🤖 AI Summary
This work addresses the cross-modal generation problem of synthesizing 3D hand motions from natural language descriptions—encompassing hand shapes, spatial positions, and finger/arm dynamics. To overcome the scarcity of annotated text-motion pairs, we propose HandMDM, the first text-to-3D-hand-motion diffusion model. Our method leverages large-scale sign language videos and large language models, augmented with a sign-language attribute lexicon and motion script cues, to automatically generate high-quality pseudo-labeled text-motion data. We then train a text-conditioned diffusion model on this data. HandMDM achieves strong cross-domain generalization—uniquely supporting unseen sign classes, heterogeneous sign language systems, and non-sign gestures—while producing high-fidelity, temporally coherent 3D hand motions across diverse scenarios.
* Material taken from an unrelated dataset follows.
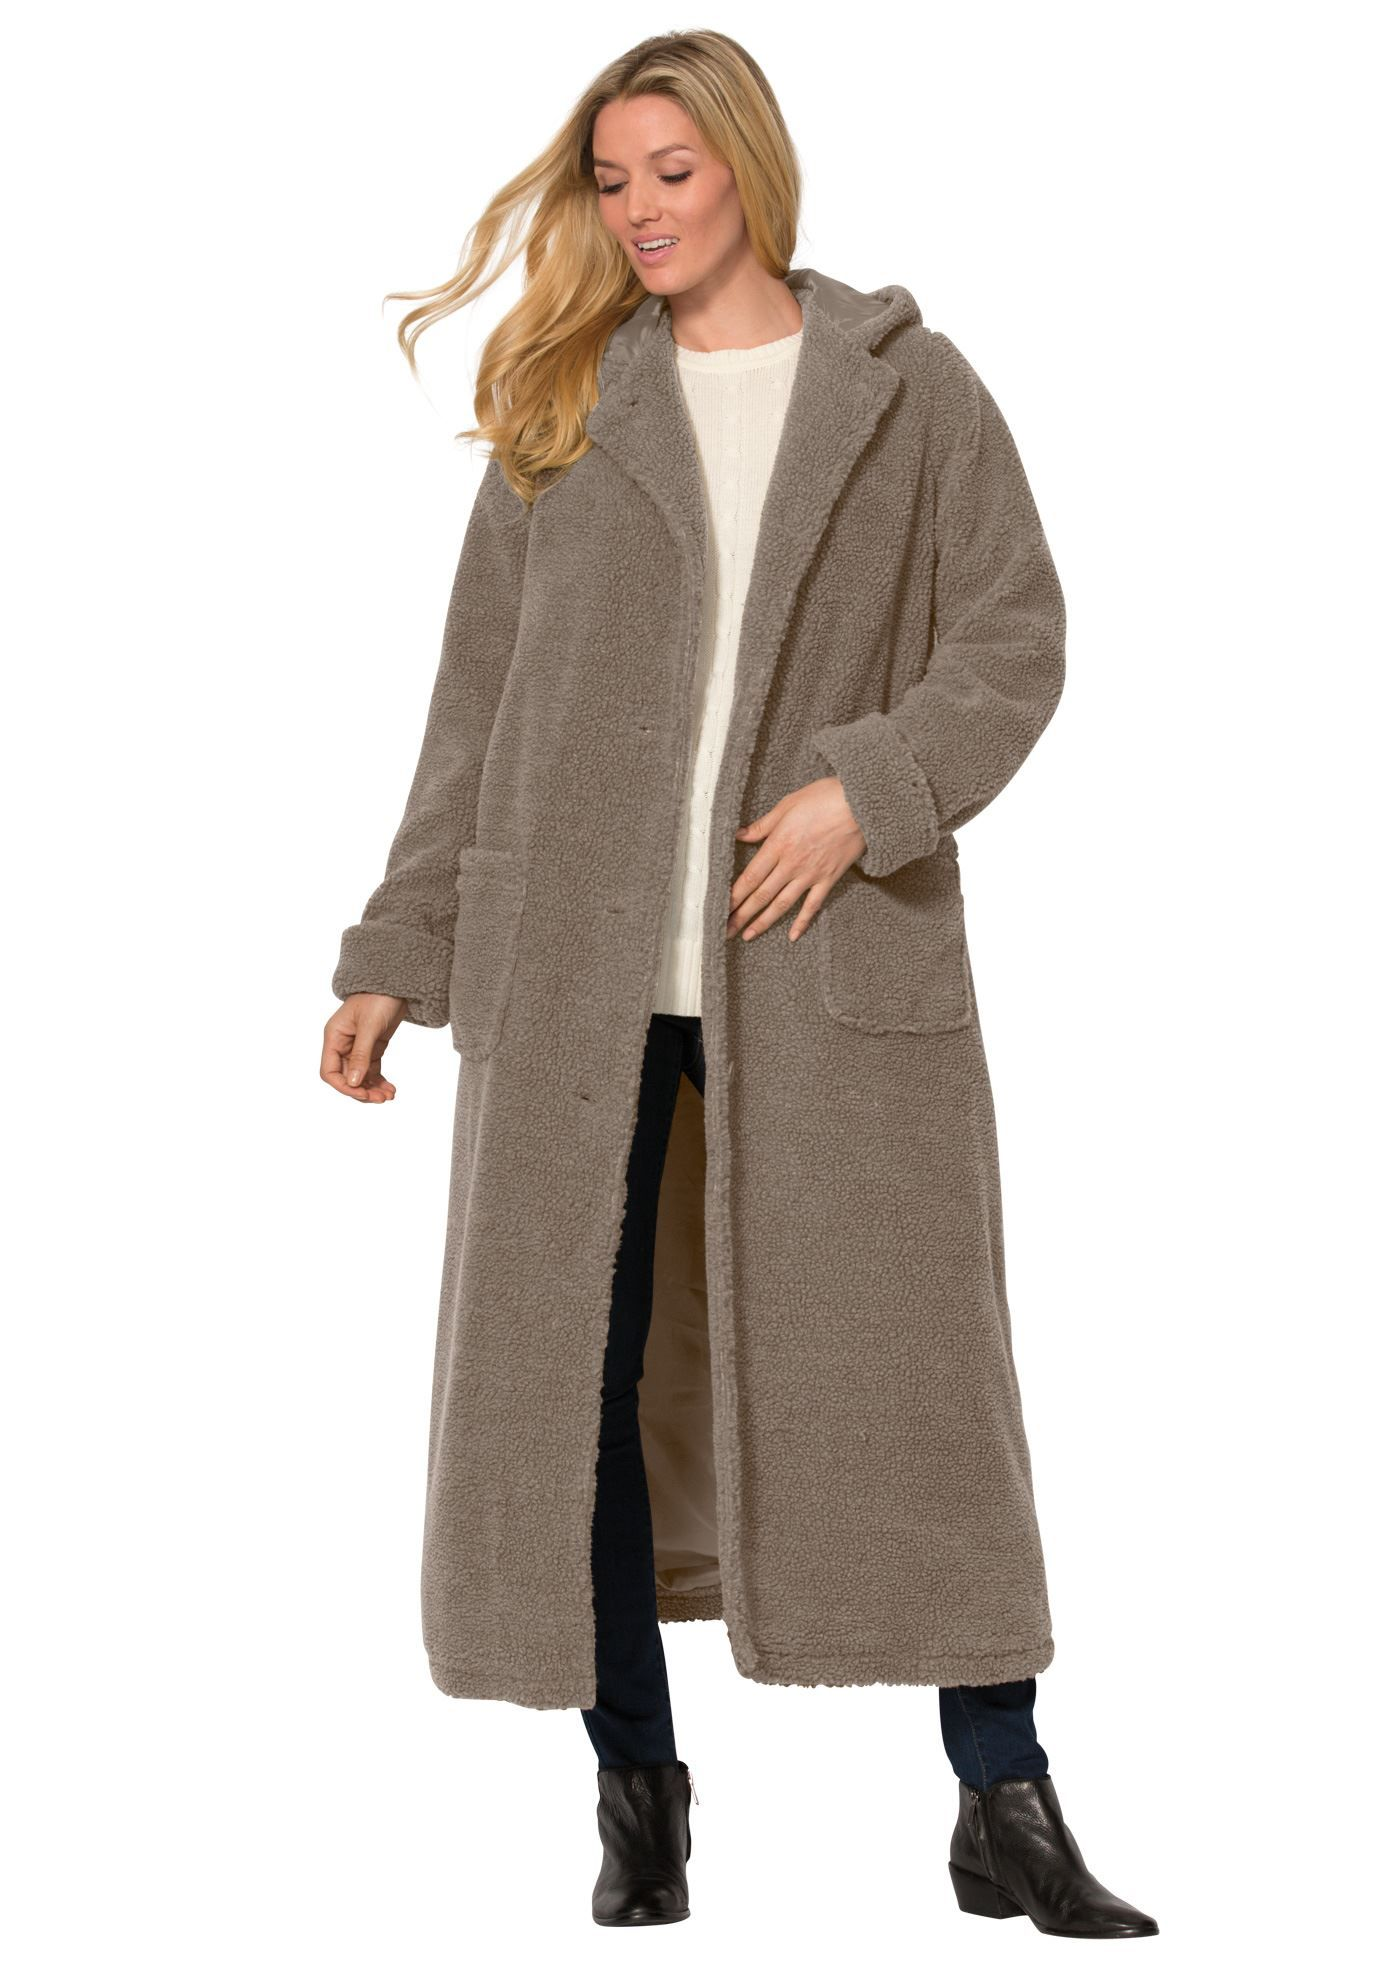 5b7cfb9f47a Hooded Berber Fleece Duster Coat - Women s Plus Size Clothing

To foster research in embodied interaction and sign language technology, we will publicly release the code, model, and dataset.
📝 Abstract
Our goal is to train a generative model of 3D hand motions, conditioned on natural language descriptions specifying motion characteristics such as handshapes, locations, finger/hand/arm movements. To this end, we automatically build pairs of 3D hand motions and their associated textual labels with unprecedented scale. Specifically, we leverage a large-scale sign language video dataset, along with noisy pseudo-annotated sign categories, which we translate into hand motion descriptions via an LLM that utilizes a dictionary of sign attributes, as well as our complementary motion-script cues. This data enables training a text-conditioned hand motion diffusion model HandMDM, that is robust across domains such as unseen sign categories from the same sign language, but also signs from another sign language and non-sign hand movements. We contribute extensive experimental investigation of these scenarios and will make our trained models and data publicly available to support future research in this relatively new field.